The Court does also find, however, that Ms. Rouse, by her own testimony, repudiated the agreement by disposing of and loaning certain of the items subject thereto in violation of its terms.

 

The law in this area is clear.

“In general, rescission of a contract is permitted for the repudiation of the contract or any essential part of it.

Where one party to a contract repudiates its obligations thereunder, the other party may elect to treat the contract as terminated.

The theory is that where one party renounces a contract without cause before the time for performing it has elapsed, the party authorizes the other party to treat it as terminated”  (22A NY Jur., Contracts §513 [2013]).

Plaintiff’s exhibit 12 is a transcript of a portion of an Examination Before Trial where Ms. Rouse admits that she loaned out hay wagons to others without Mr. Carter’s assent and that she sold the conveyor.  In doing so, she testified that she “had considered that our contract was null and void as far as selling the equipment, sharing the equipment with anyone else” (Plaintiff’s Exhibit 12 p. 27).  At trial, Ms. Rouse reaffirmed that she “thought the restriction on sale was null and void” and stated the reason as:

“I had moved out of the house I was no longer living there, [and] there was an agreement on there [the contract] that he remain civilized to me which he had not, there’s also agreements that he would continue to share the shop and his Dodge pickup with me which he had ceased to do that long, long before.  I felt he had broken the terms of the sharing agreement and that there was no more sharing, and I actually owned the equipment.”  (TT 06/10.2013. p. 53).

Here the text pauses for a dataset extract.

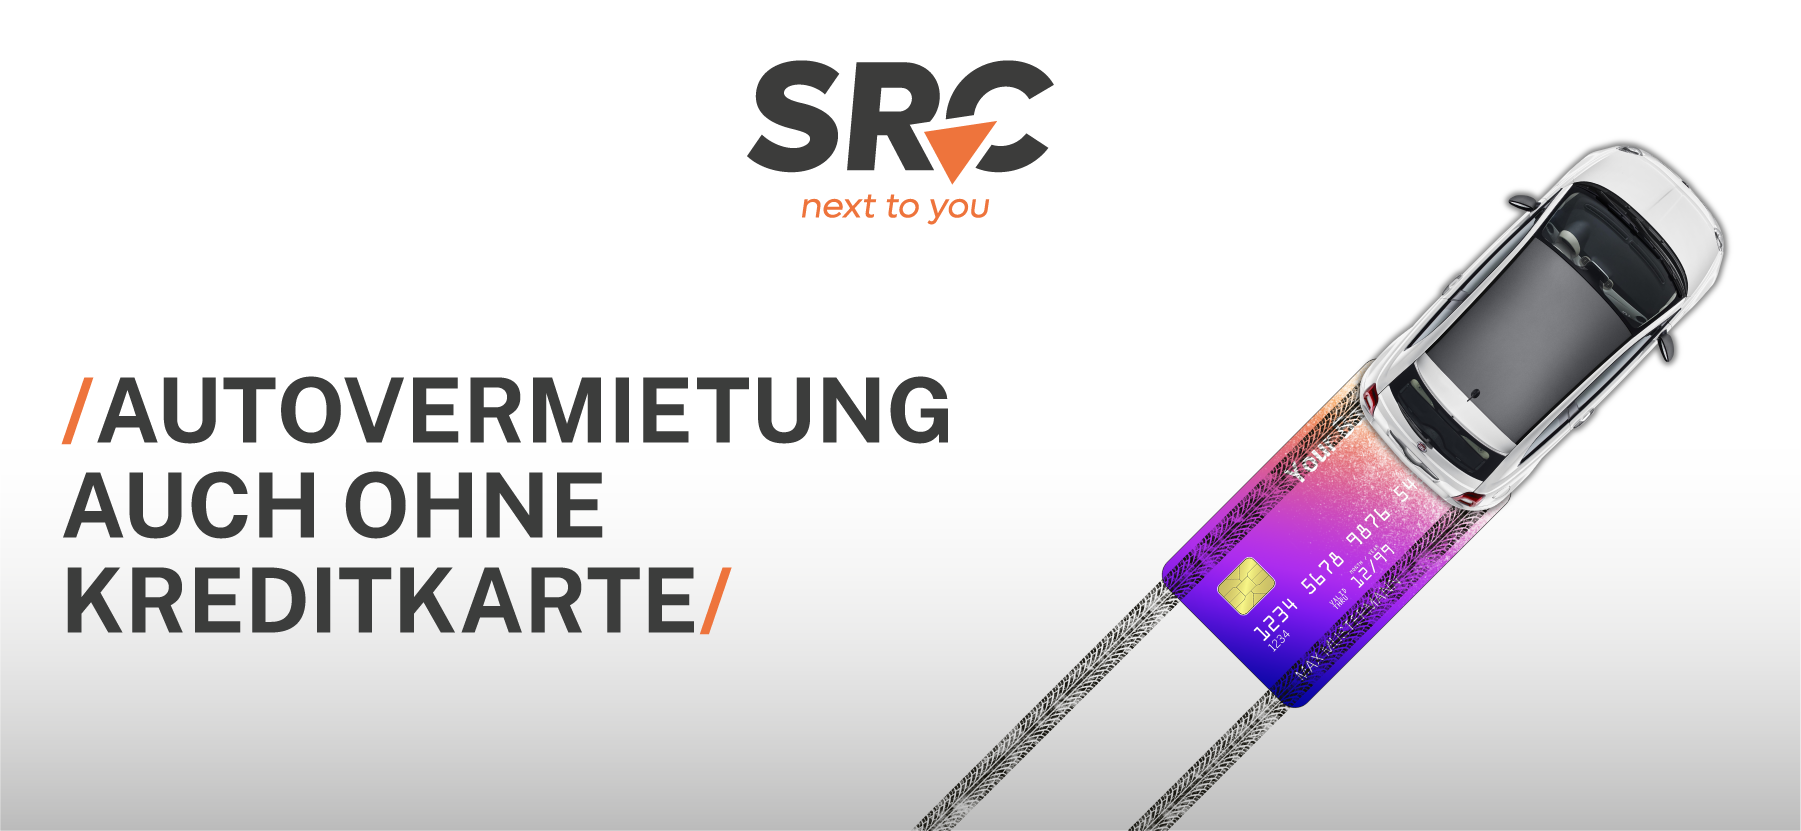 SRC_Autovermietung auch ohne kreditkarte

If Ms. Rouse took the position that Mr. Carter was the first party to breach or repudiate the contract, her remedy was to seek its enforcement.  It did not give her the license to also repudiate her obligations under the contract, but retain the benefits thereof, i.e. ownership of the enumerated equipment.  By repudiating her obligation to share the equipment subject to each party’s right of ownership if he or she survived the other, she relinquished here claim of ownership of the equipment, but, of course, only so far as it may be based upon the contract.  The effect – so far as this litigation is concerned – is to eliminate the September 18, 2009, agreement as dispositive instrument so far as ownership of the disputed property is concerned.  Id. at 5-6.

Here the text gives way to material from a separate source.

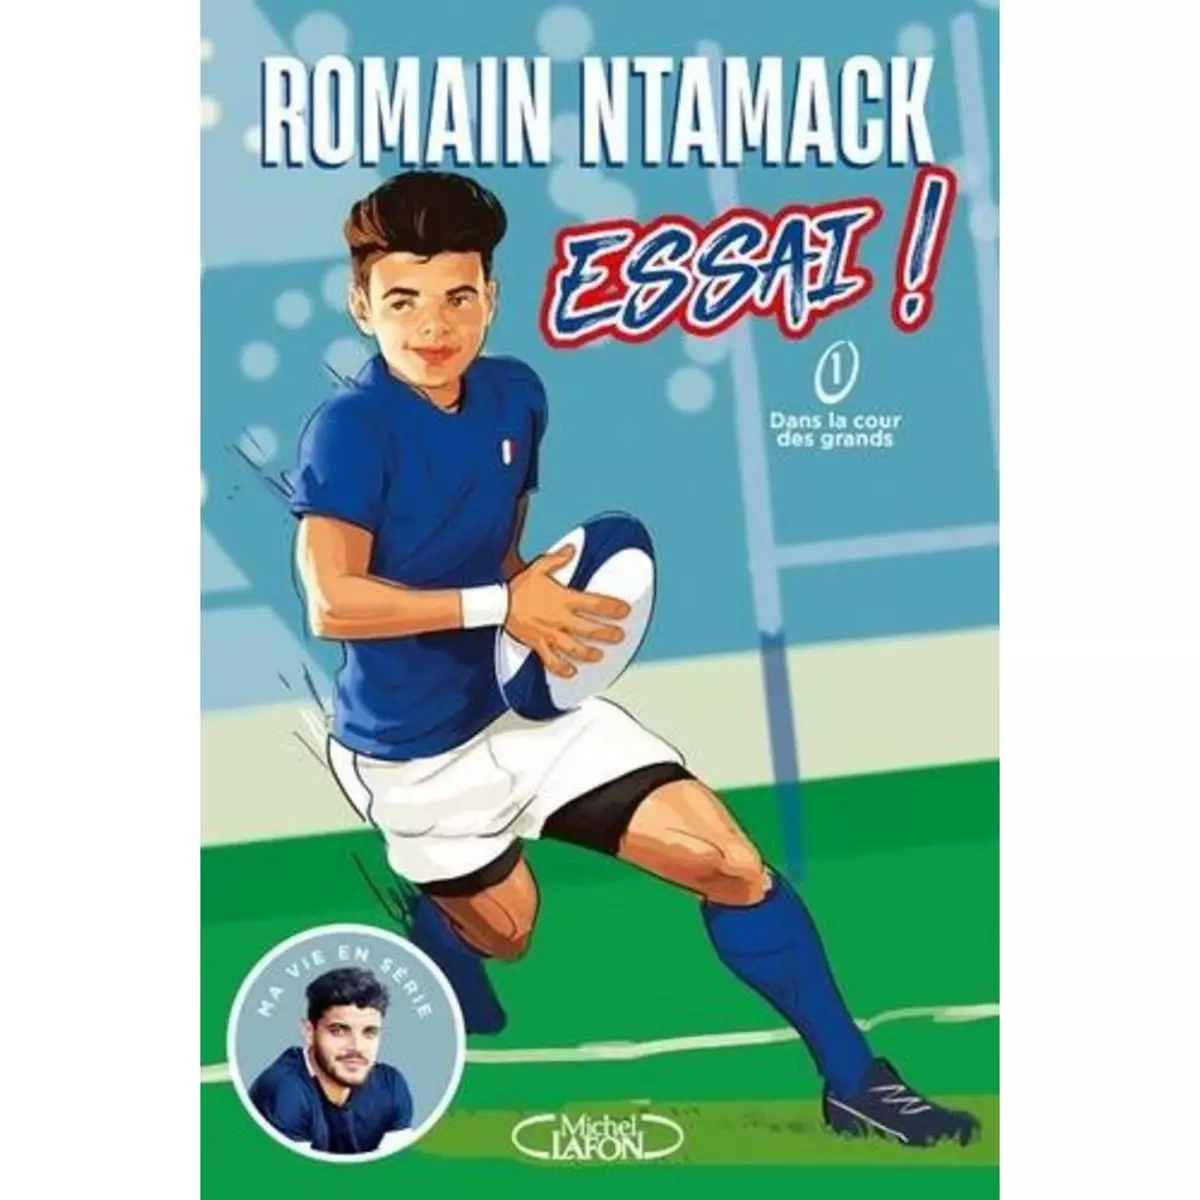  ESSAI ! TOME 1 : DANS LA COUR DES GRANDS, Ntamack Romain

And the conclusion of the Court:

Based upon the record, the Court concludes that Mr. Carter has established his individual title and ownership of the Vermeer Tedder, the Bush Hog Mower, the Massey Tractor, two hay wagons and the Cutditioner.  Declaratory relief to that effect is granted, together with direction that those items be returned to Mr. Carter.  Regarding the remaining items, the burden of proof was on Mr. Carter to establish his claim of ownership.  The Court does not find that he did so by a preponderance of evidence.  This, of course, does not mean that Ms. Rouse is the sole owner, but indicates to the Court that the parties are joint or co-owners of the remaining disputed property.  Id. at 6.

Not every case in our Court system is reflected by the decisions regularly reported in the legal press – addressing, for example, disputes involving CDOs, cross-border conflicts, massive toxic torts and class actions of all flavors.  The Courts also exist to adjudicate, and routinely determine, claims by ordinary people in the regular course of their lives that are of profound importance to the litigants.